SEGA is a new genetics-based research platform that allows scientists to quantify the ecological and evolutionary responses of species to changing climate conditions. It consists of 10 core gardens in northern Arizona from desert grassland to mixed conifer forest. Moving down in elevation from site to site mimic climate change because temperature and moisture predictably change with elevation.

Researchers from diverse disciplines are using SEGA to quantify the ecological and evolutionary impacts of climate change on foundation plant species, their associated communities,native-exotic species interactions, and the ecosystem processes that emerge from these interactions.

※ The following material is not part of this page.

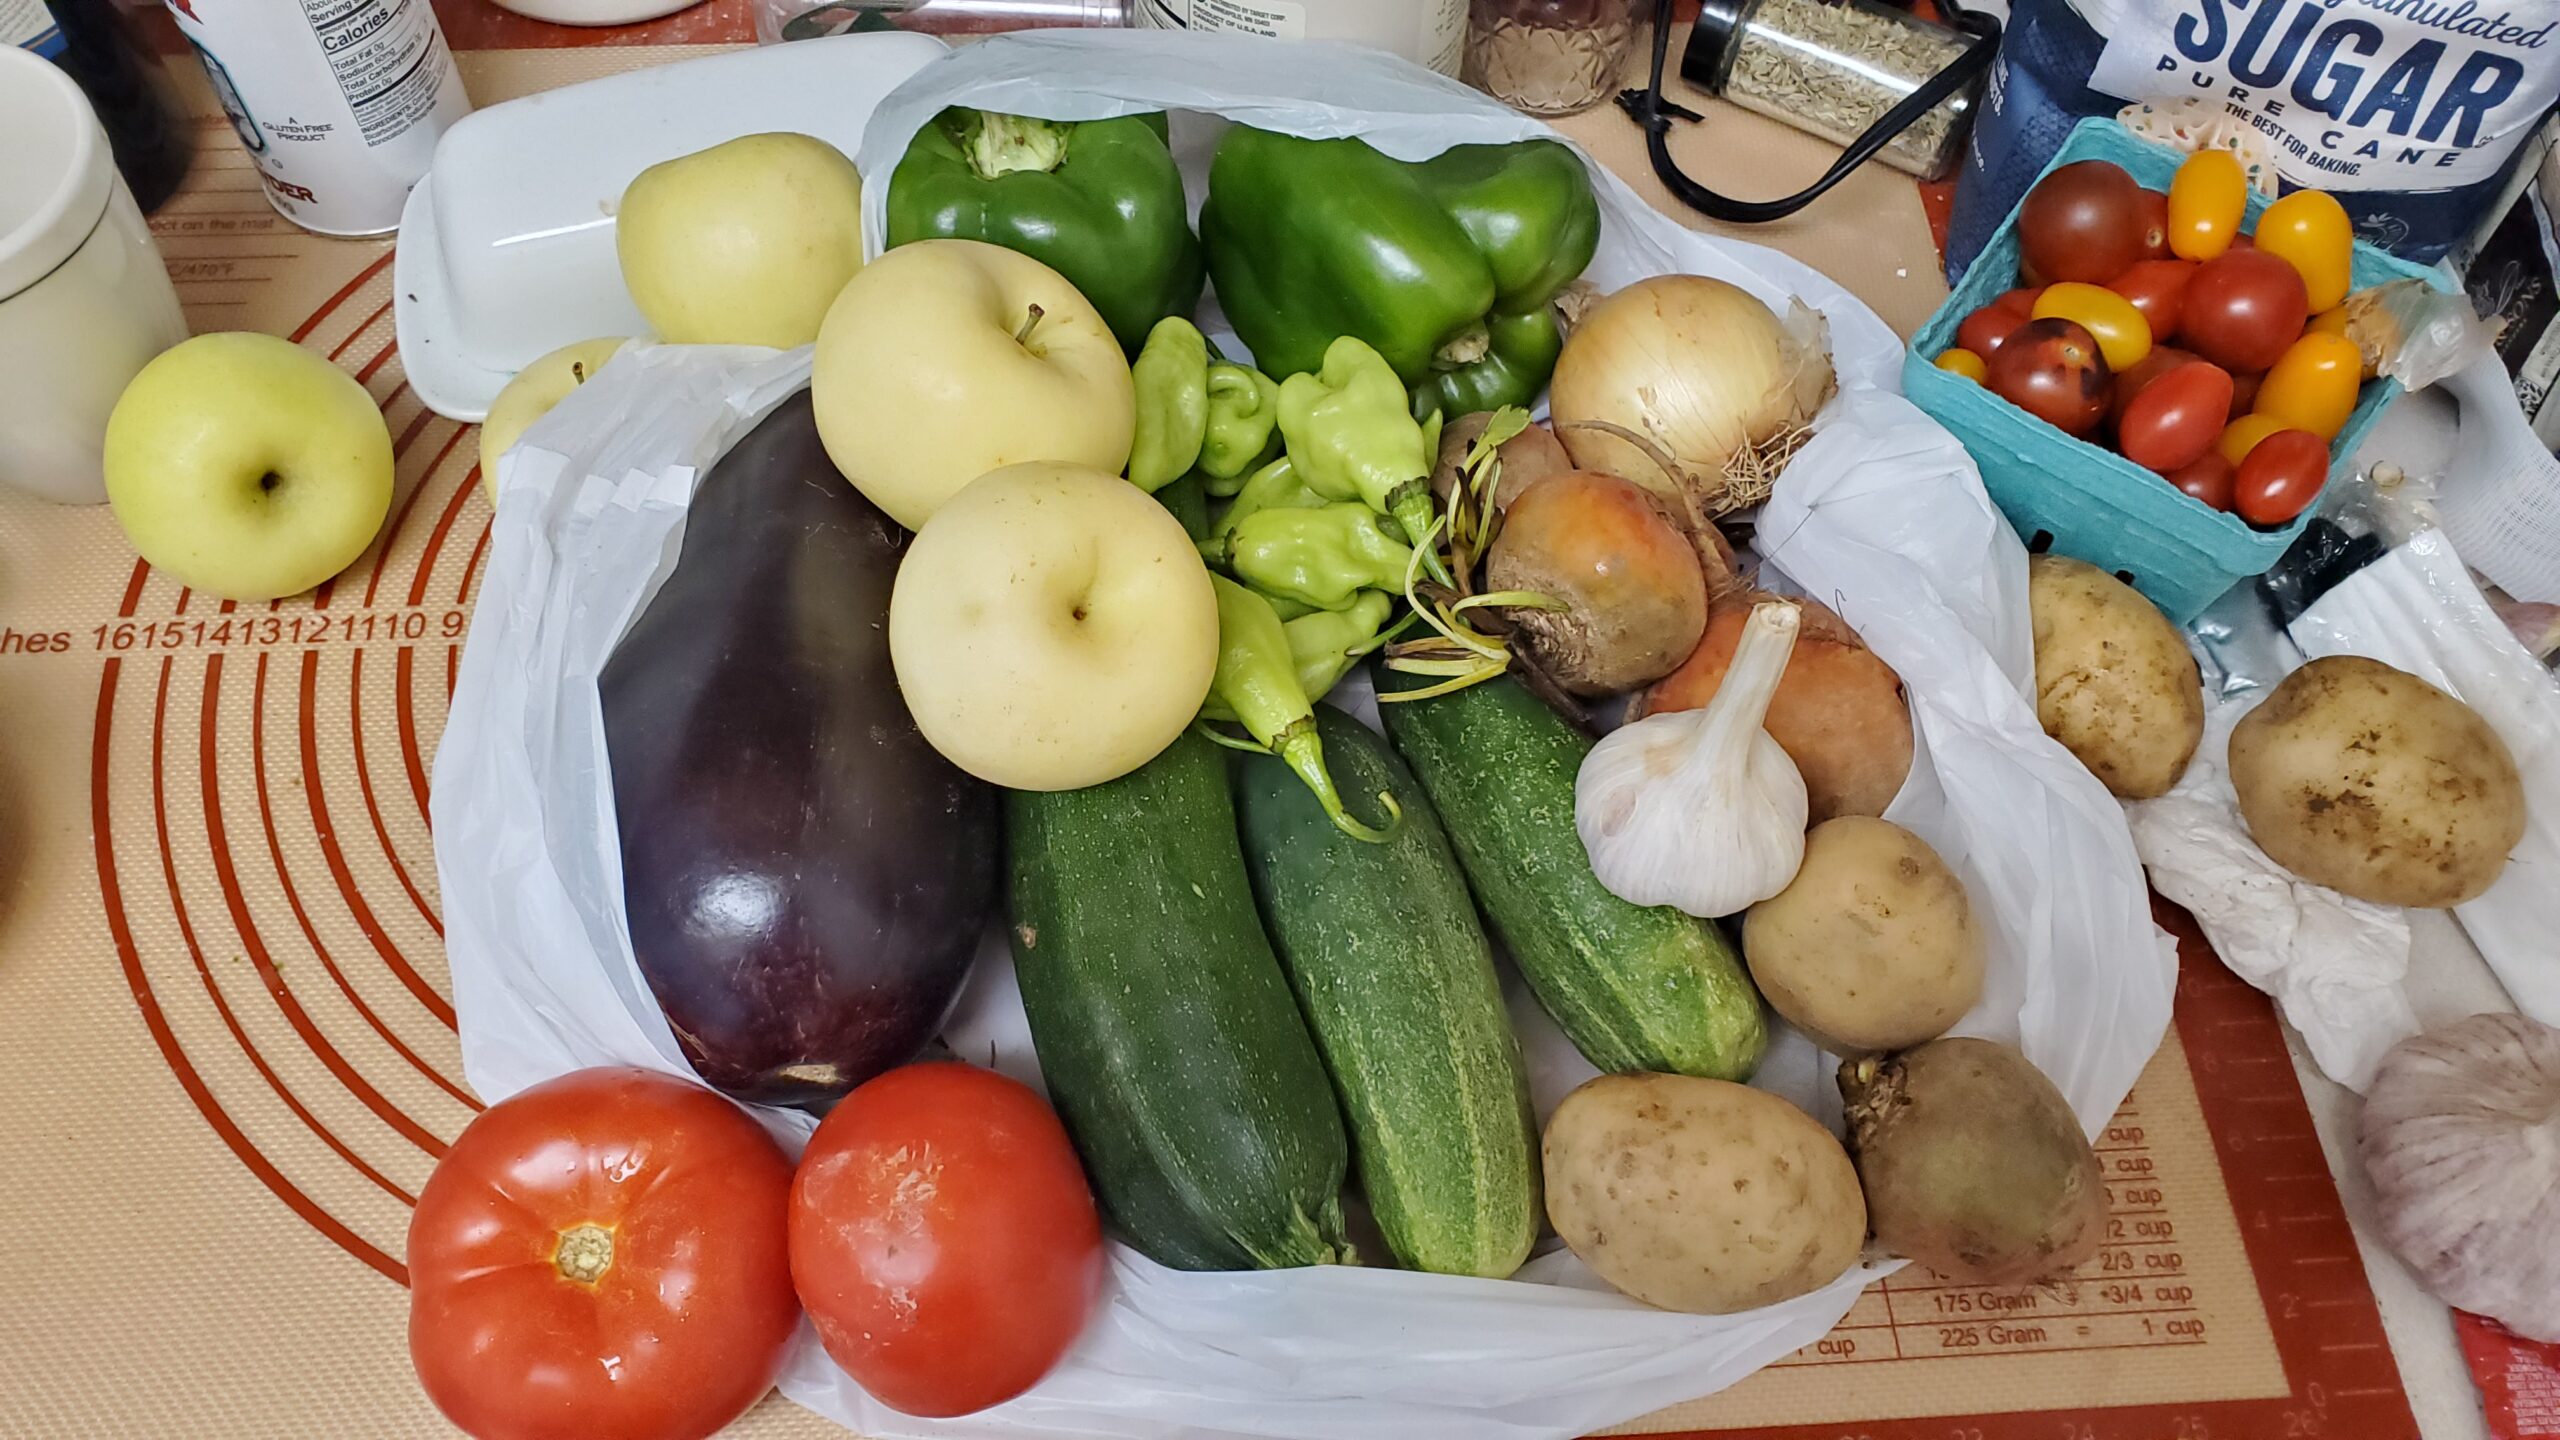 Photo of produce spilling out of a plastic bag on a kitchen countertop: tomatoes, eggplant, apples, peppers, zucchini, tomatoes, potatoes.

With the ultimate goal of improving on-the-ground management to cope with environmental change, the SEGA gardens are sited on federal and private lands where stakeholders are interested in incorporating the best science into management actions. SEGA research findings are expected to :

(1) provide a scientific basis for the concept of assisted migration;
(2) identify drought-tolerant genotypes and source populations that perform best at a given location for current and expected future climatic conditions and buffer against loss of ecosystem function; and
(3) develop techniques for managing exotic species that have become especially invasive with climate change.

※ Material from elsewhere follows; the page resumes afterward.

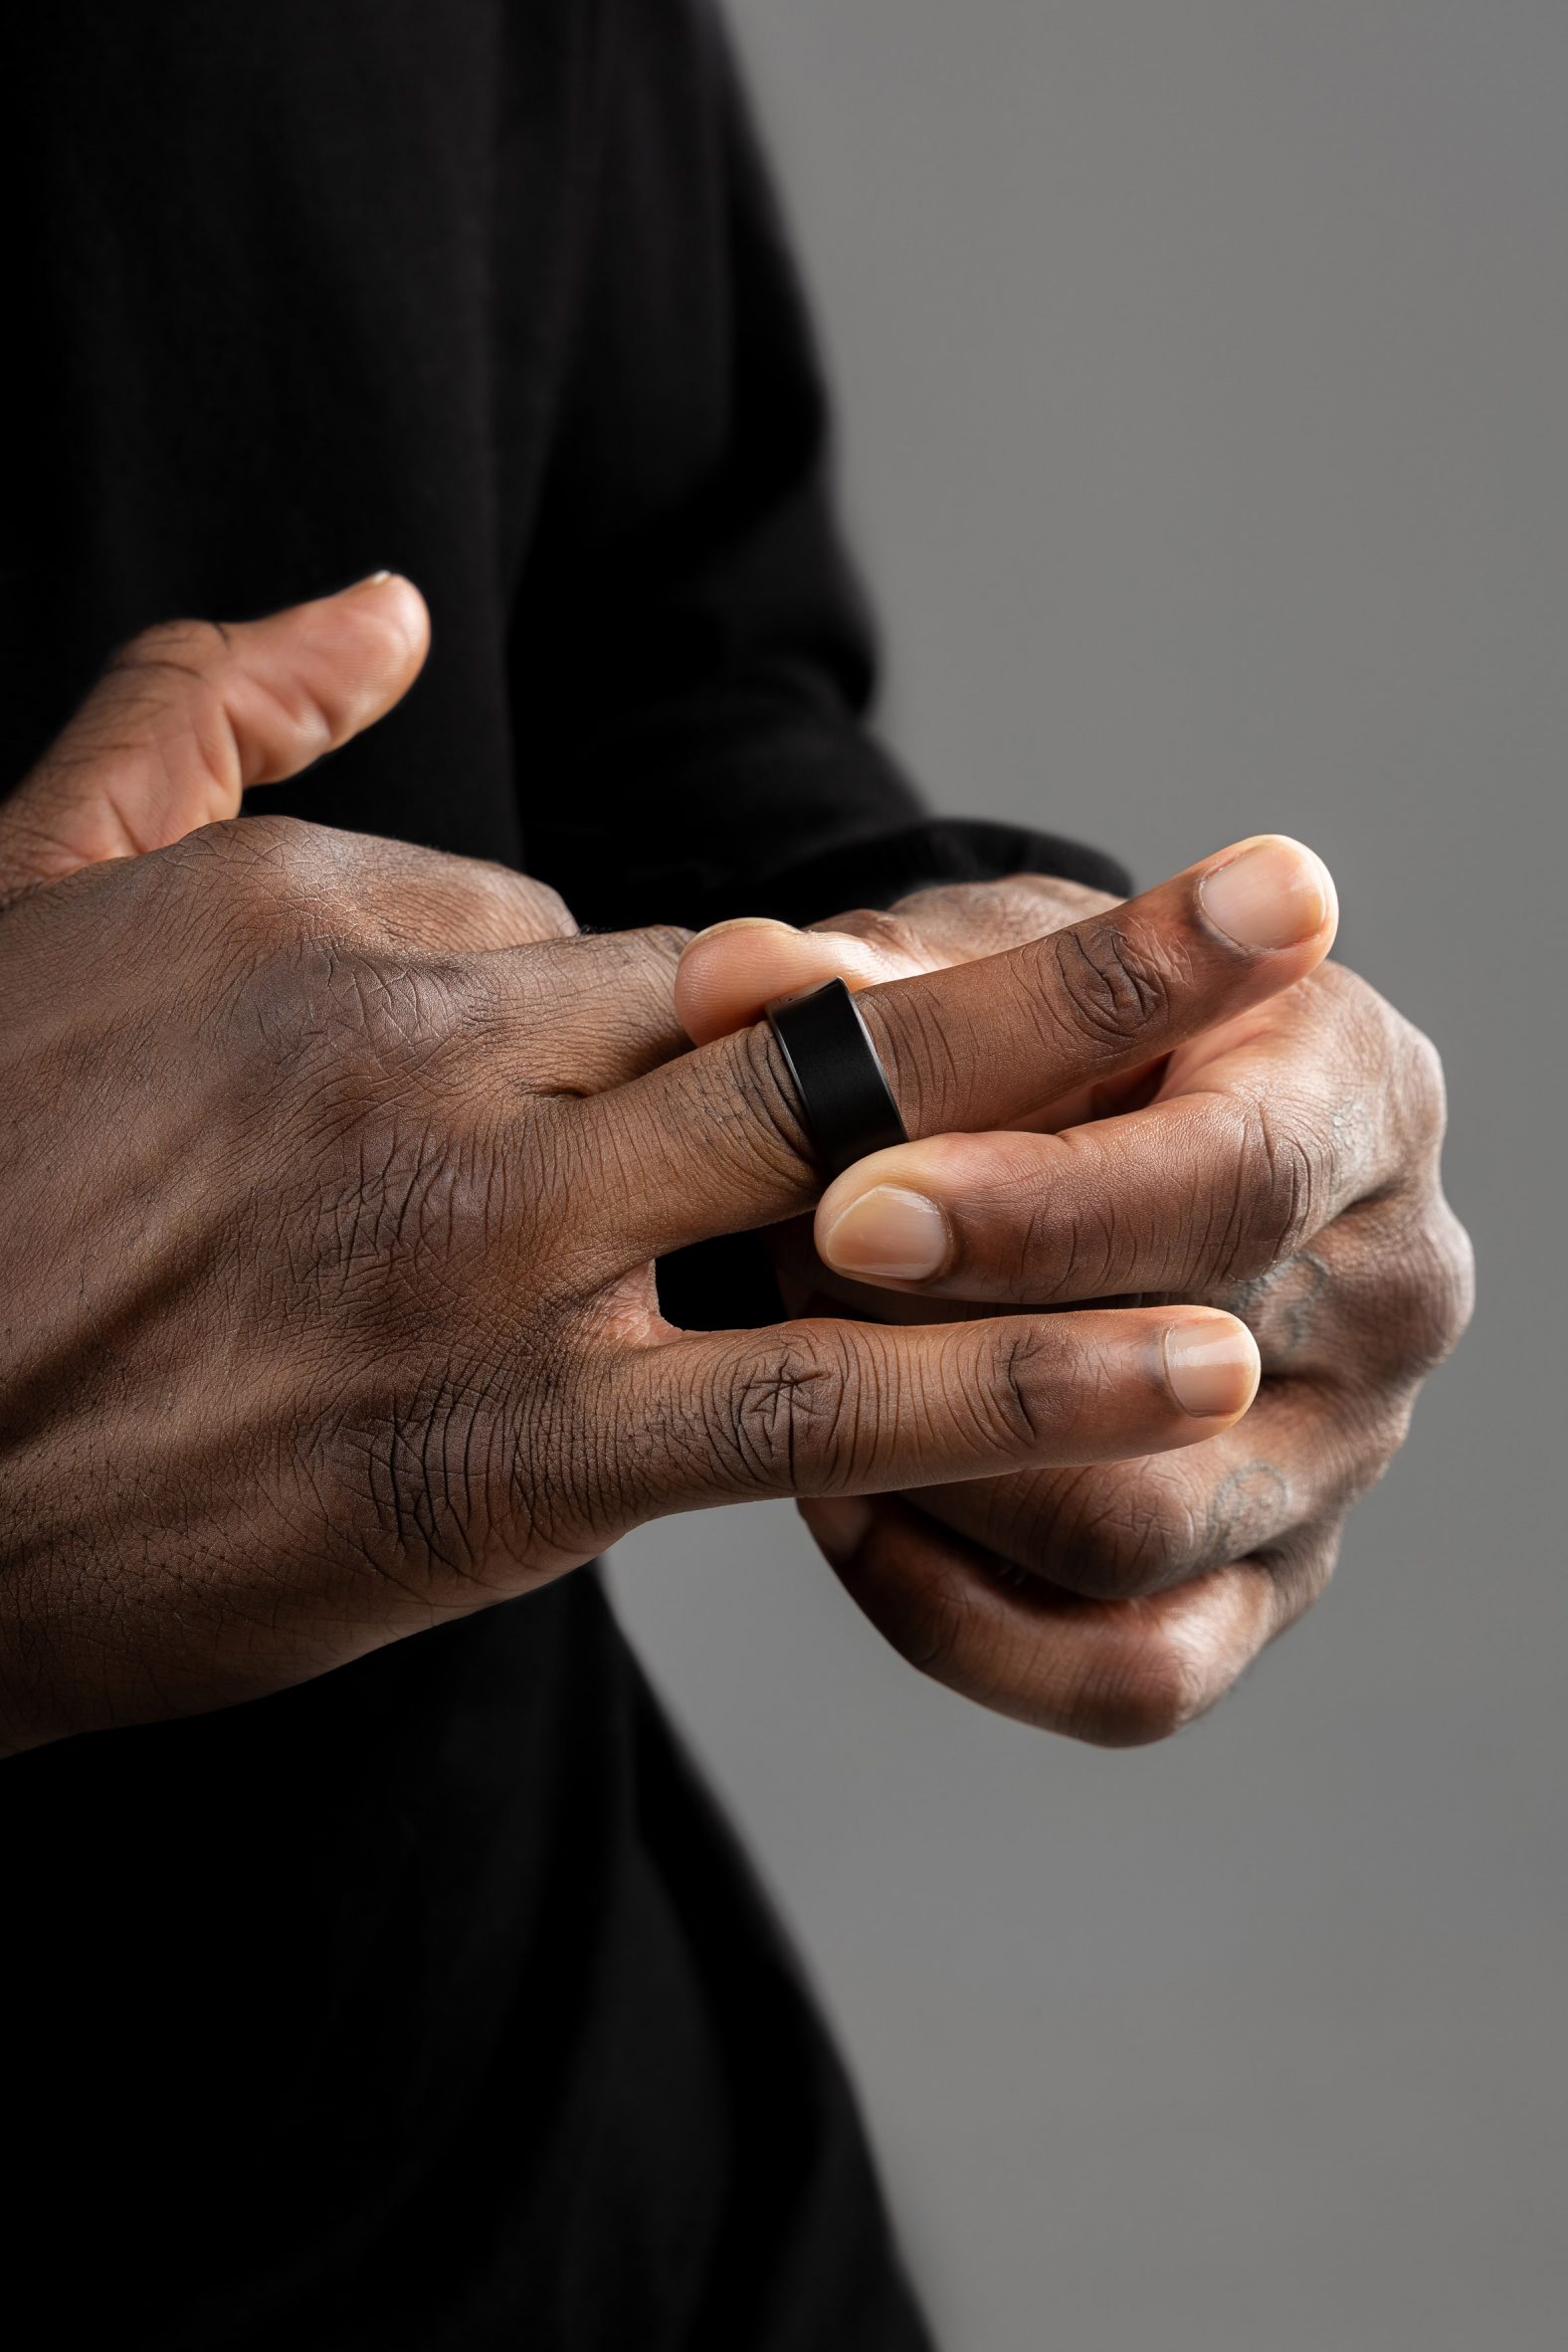 Close-up photo of a man's hands while he lifts a ring from his finger

At each SEGA site the following infrastructure is available for researchers:

  • Secured fenced exclosure: tall enough to keep out deer and elk, except at sites where the main grazers are cattle (Black Point, Little Colorado River, Soap Creek) where there is a lower (4.5 ft high) cattle fence
  • Water supply
  • Pressurized irrigation system
  • Photo voltaic (PV) power – except at Bradshaw Ranch & The Arboretum Meadow & Forest sites, where there is APS power
  • Weather station – a full NOAA standard weather station, which includes wind speed and direction, air temperature, humidity, PAR, precipitation (with a gauge that accurately measures frozen precip and adjusts for gusty/turbulent wind conditions).
  • WiSARD environmental sensors which collect air temp, soil temp & moisture at two depths close to the met station & at various ‘sub-station’ monitoring locations at the site there are soil temperature and moisture probes. More can be added, where needed. 
  • PHENOCAMS – collecting real time paired color and near infra red data, which is converted to NDVIs via the phenocam network project being run by Andrew Richardson: http://phenocam.sr.unh.edu/

Additionally, there are three cottonwood macrosystems common gardens included within SEGA.  These sites lack the instrumentation of core SEGA sites, but include large numbers of cottonwood trees of known origin.